Millie went missing either late friday night or early Saturday morning In Skidby near Cottingham, East Yorkshire. She doesn't normally stray too far and usually bounces back with the rattle of a cat dish or a call of her name. Really worried about her as is the rest of the family. We have put posters up in the village and put leaflets through the door in our street and the the streets next us. Don't really know what to do now as i've contacted the vets/rspca/cat protection/etc. If anyone has seen her please contact us ASAP. Oh and she has a distinguishing little ginger stripe on her nose. She has been chipped also but is wearing no collar. Many thanks.


----------



## codyann (Jan 8, 2011)

Personified82 said:


> Millie went missing either late friday night or early Saturday morning In Skidby near Cottingham, East Yorkshire. She doesn't normally stray too far and usually bounces back with the rattle of a cat dish or a call of her name. Really worried about her as is the rest of the family. We have put posters up in the village and put leaflets through the door in our street and the the streets next us. Don't really know what to do now as i've contacted the vets/rspca/cat protection/etc. If anyone has seen her please contact us ASAP. Oh and she has a distguishing little ginger stripe on her nose. She has been chipped also but is wearing no collar. Many thanks.

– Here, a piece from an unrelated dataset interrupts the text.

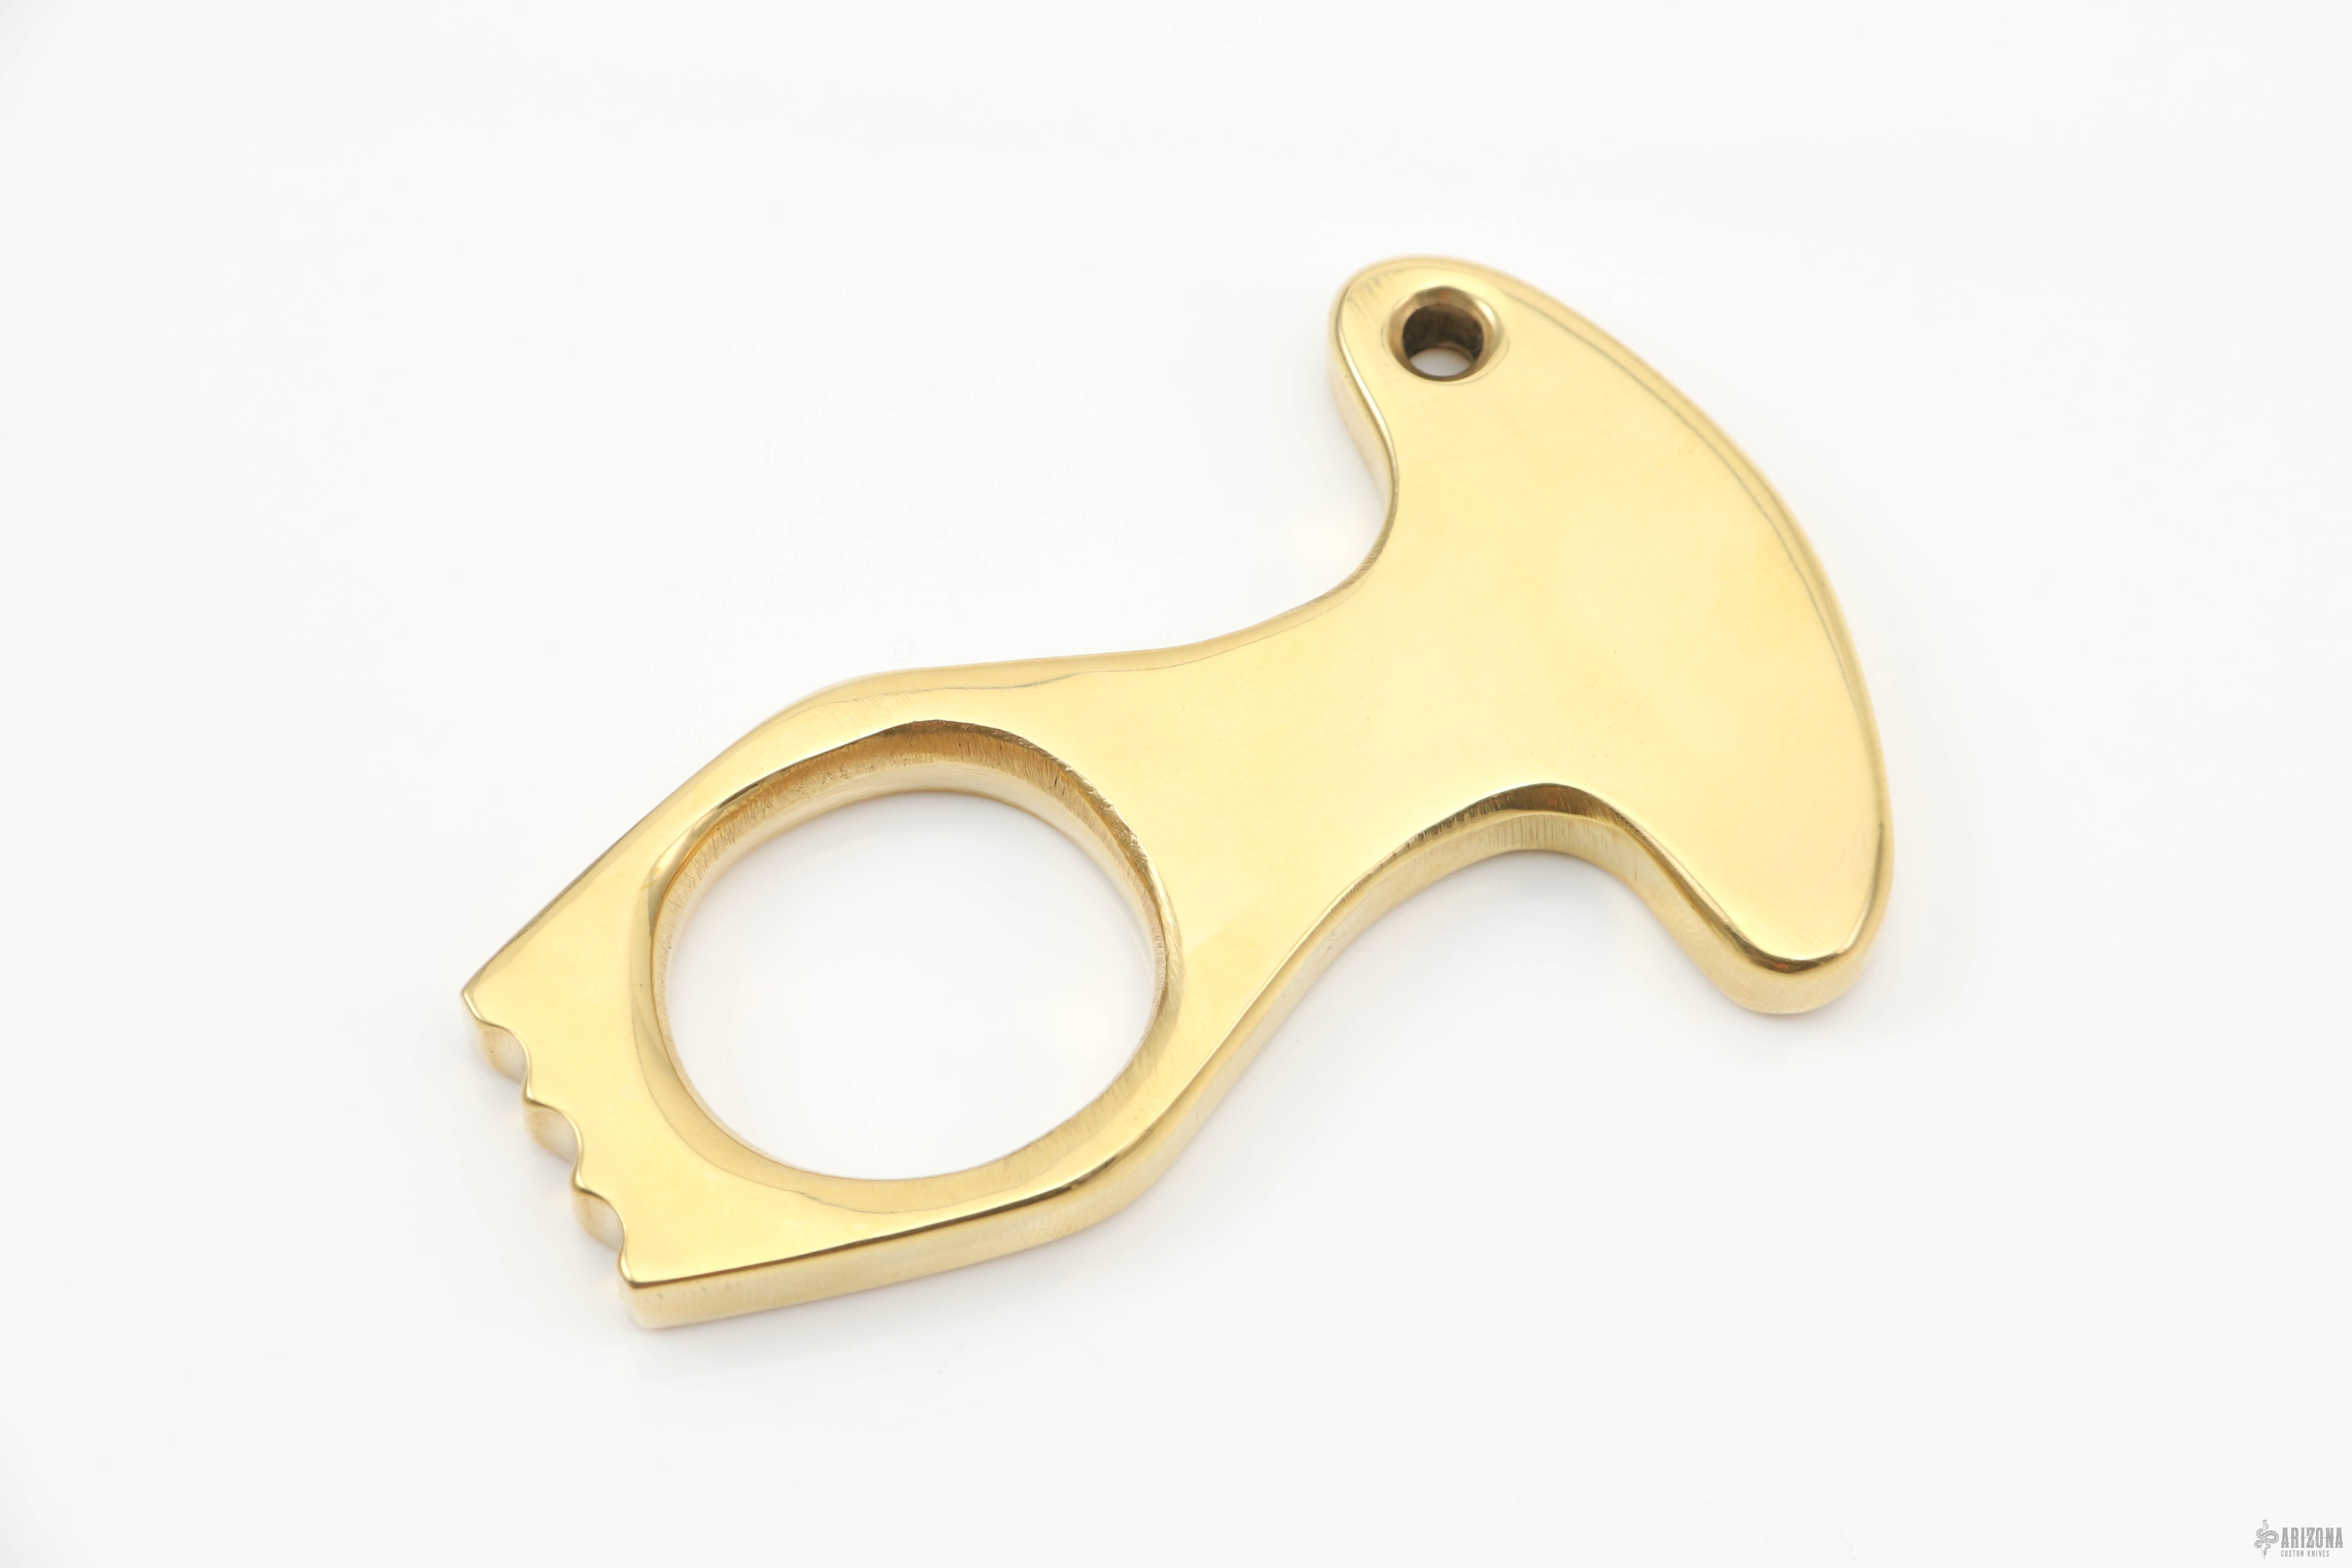 Brass Knuckle - Arizona Custom Knives

maybe you should contact your local council just incase she was found? and is her chip details up to date? hopefully you will find her soon.


----------



## Personified82 (May 16, 2011)

Contacted all the relevant bodies and authorities, needless to say to council were by far the most useless of the lot saying as it was "ONLY" a cat they generally didn't report them. On the Plus side there is only three roads in the whole villiage really and i've been up and down these and no sign, fingers crossed she has just gone wandering or a neighbour may have shut the door on her in the garage..


----------



## Ancllo (May 8, 2009)

I live in Beverley, and work with someone from Cott, will keep an ear & eye out :smile:


----------



## Lulus mum (Feb 14, 2011)

Hi 
Why not post a photo on here?
How old is Milly by the way?
Have you asked people to check their sheds,garages etc in case she has found her way in and is unable to get out 
Do hope you get her back safe and sound-there seem to be a lot of owners on here at the moment who are in your position
You will find a lot of support on here
Please keep us informed
Maureen


----------



## Personified82 (May 16, 2011)

Thanks guys fot the support. Millie is just over 1 years old. we have put flyers in the doors of our street and the 2 next us and also knocked on doors the flyer and we asked when we knocked to check their garages etc.. Letting anyone know is great thanks the more people know that she is missing the better. Just been on a long walk in the fields behind us and the farmers say they see her but not recently. Going to post more flyers tomorrow and try and get the whole villiage done. cheers guys


----------



## Personified82 (May 16, 2011)

posted poster/leaflets through every house barring about 50 in the area (only because i ran out, and will do when get some more ink for printer) spoke to some of the residents in the village and some say they see her quite a lot, so she does wander further than we thought. Rung every organisation that has been suggested. I guess now it is just wait and see.


----------